§ DATA SHOWN:
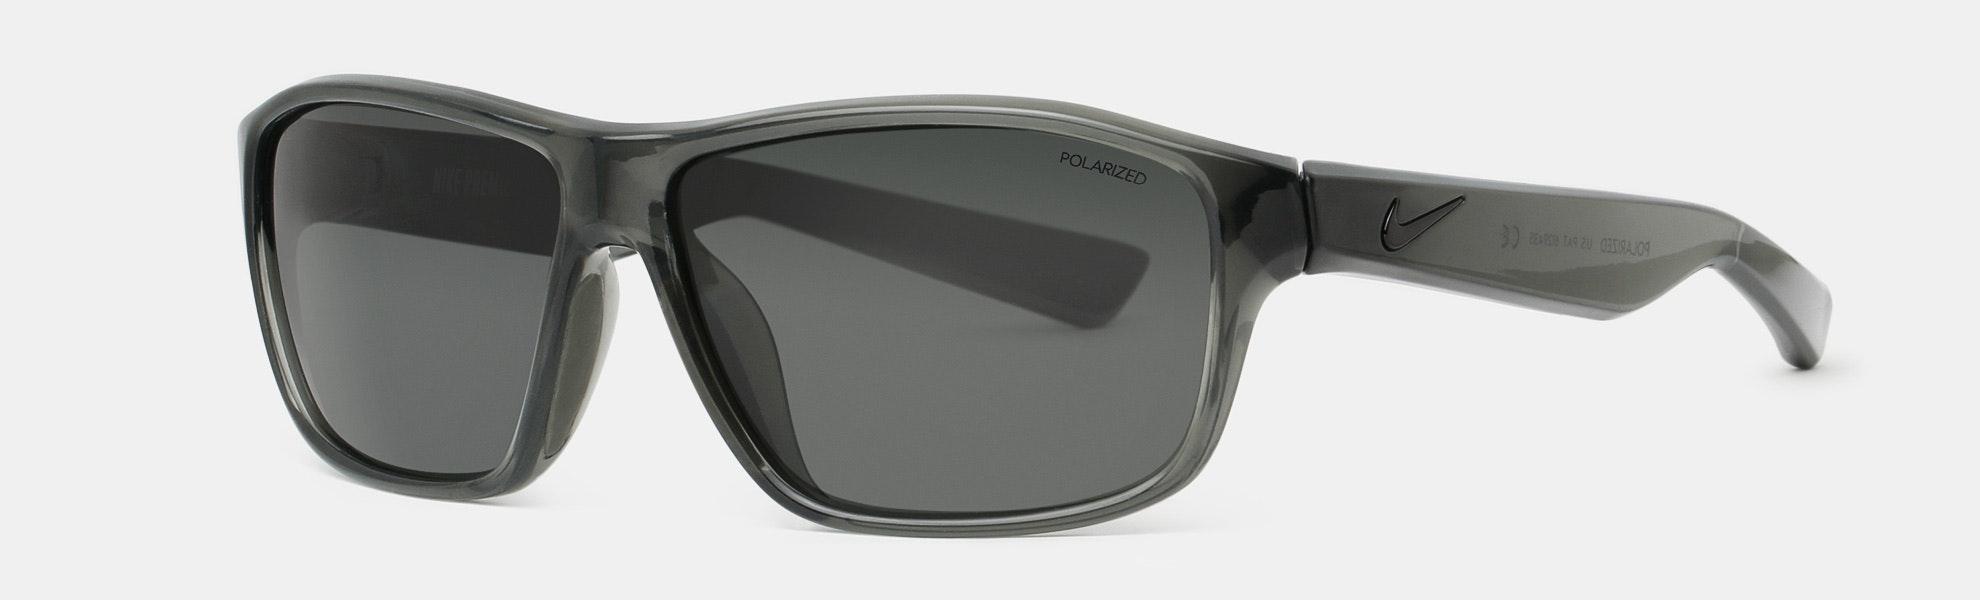 Nike Premier 6.0 Polarized Sunglasses
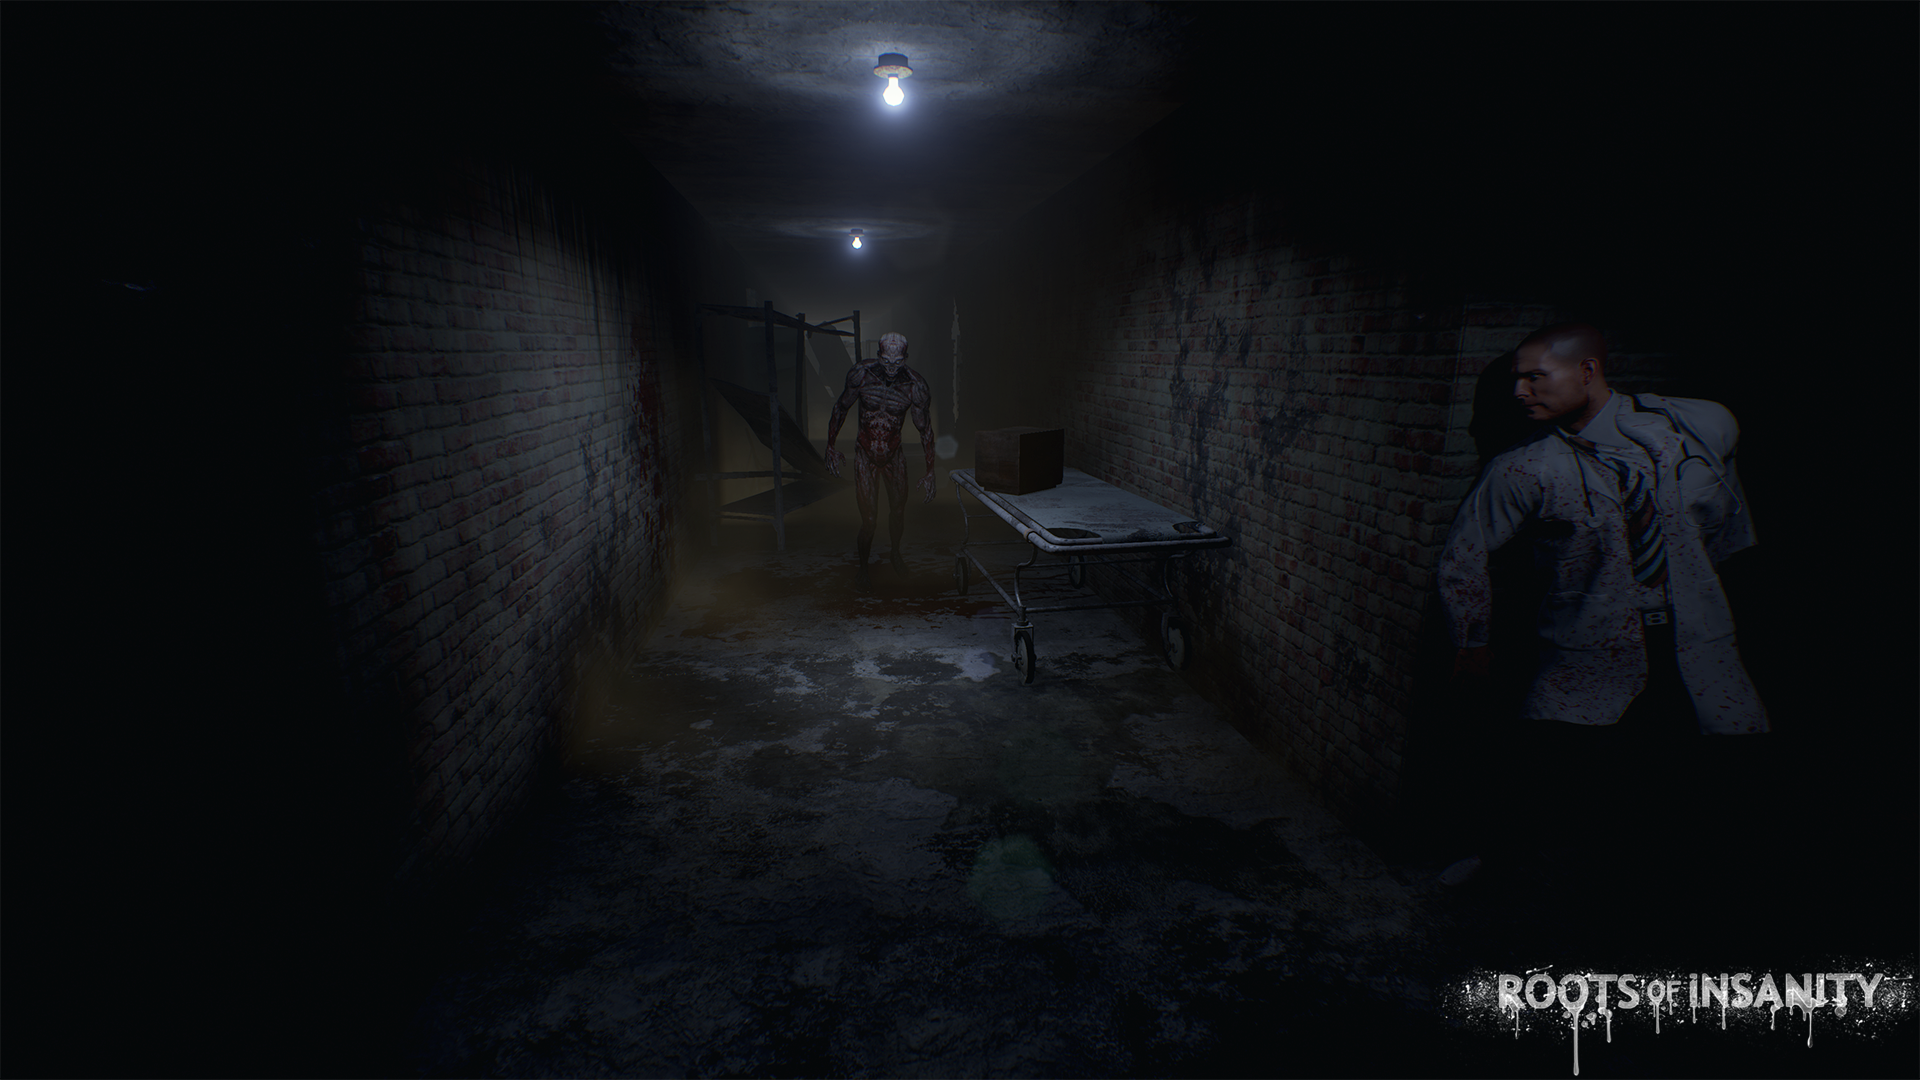 Roots of Insanity screenshots
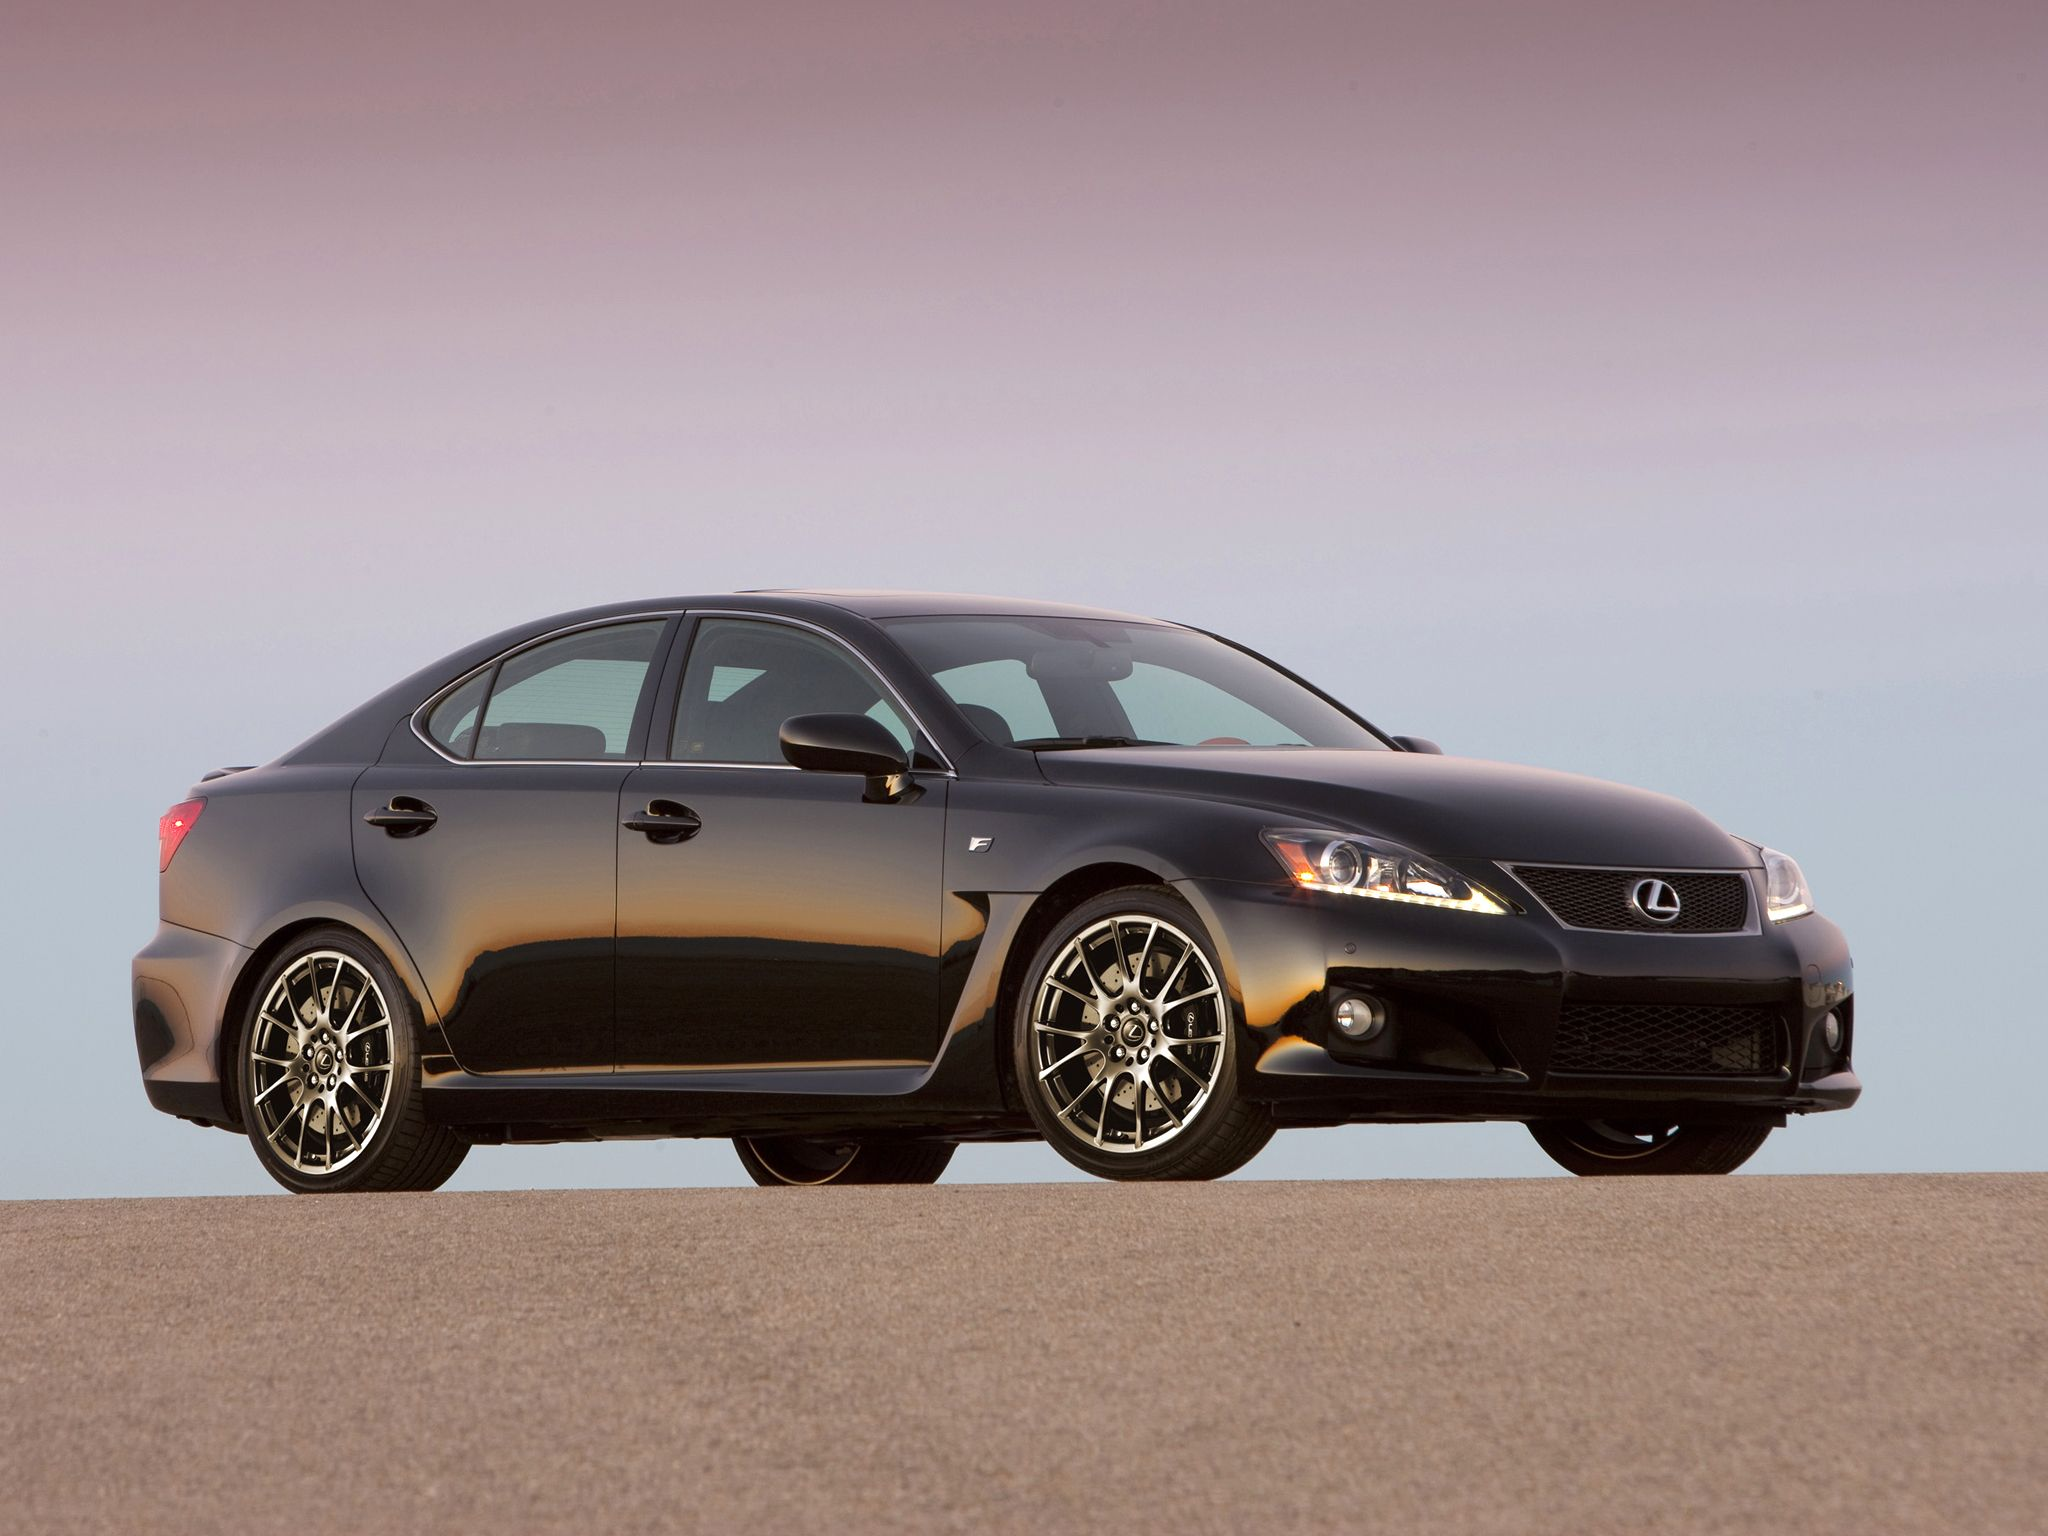 Lexus IS F Lexus isf, 4 door sports cars, Used car prices

§ AIM OF THE TASK: Reproduce the material above in full, images excluded.

§ PROBLEM SOLUTION:
 Nike Premier 6.0 Polarized Sunglasses
 Roots of Insanity screenshots
 Lexus IS F Lexus isf, 4 door sports cars, Used car prices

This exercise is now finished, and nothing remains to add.